Утром привезли нового пациента — томного синюшного суслика в оранжевом манкини с гульфиком на пуговицах. Суслик выглядел как тушло, но пах почему-то травой. Принюхавшись, Буратина различил какие-то странные ароматы — неизвестное дерево, сырую кожу, мускус, почему-то ваниль (Буратина нюхал ваниль раза два в жизни, но запах запомнил), какие-то цветы, — а потом с удивлением поймал родную бамбуковую нотку. Полез было здоровкаться с родичем, но суслик закатил глаза и сообщил, что к общению совершенно не расположен.
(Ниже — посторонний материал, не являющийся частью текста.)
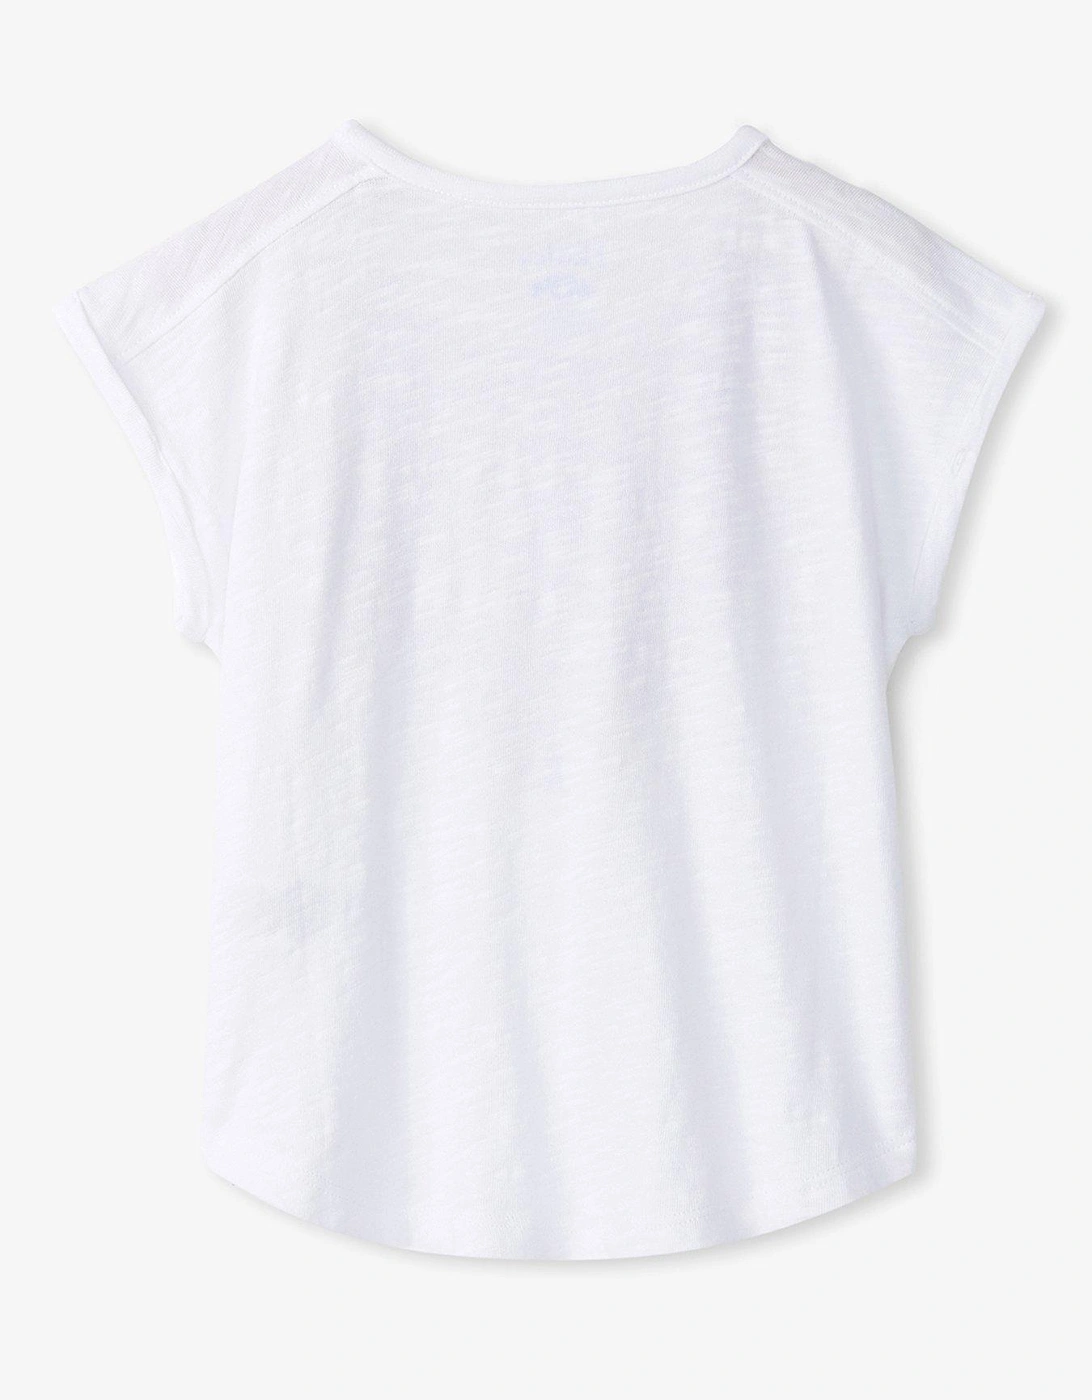 Girls Boho Relaxed Short Sleeve T-Shirt - White

Суслик сказал неправду: в общении он нуждался. Каждые пять минут он нажимал на тревожную кнопку, а когда являлась дежурная медсестра, необычайно капризным голосом требовал себе всяческих непрейскурантных услуг — то какой-то диковинной смеси чаёв, то массажа пяток, то почитать ему вслух что-нибудь из пейзажной лирики, но только не Тютчева и не Фета. Сестра это почему-то терпела и отказывала почти вежливо, хотя хлещущий по бёдрам хвост и прижатые уши выдавали. В конце концов она вызвала лечащего врача, старую амфибию, которая и решила проблему, положив неугомонную зверушку под капельницу. Впрочем, и под капельницей суслик не унимался — ёрзал, принимал какие-то сомнительные позы и постоянно чесал у себя в гульфике. Буратина осторожно поинтересовался, нет ли там у суслика каких-нибудь насекомых: он слыхал, что на воле всякого можно нахвататься. Суслик аж позеленел от злости, но потом, видя простодушную физиономию деревяшкина, изволил сообщить, что никаких насекомых у него нет и быть не может, просто его бритые кумкваты обросли щетинкой, а выбрить их ему здесь отказались, чего он тоже не потерпит и так просто не оставит.
Буратина не знал, что такое кумкваты, но догадался по контексту и предложил за две пачки маргарина услуги мудобрея.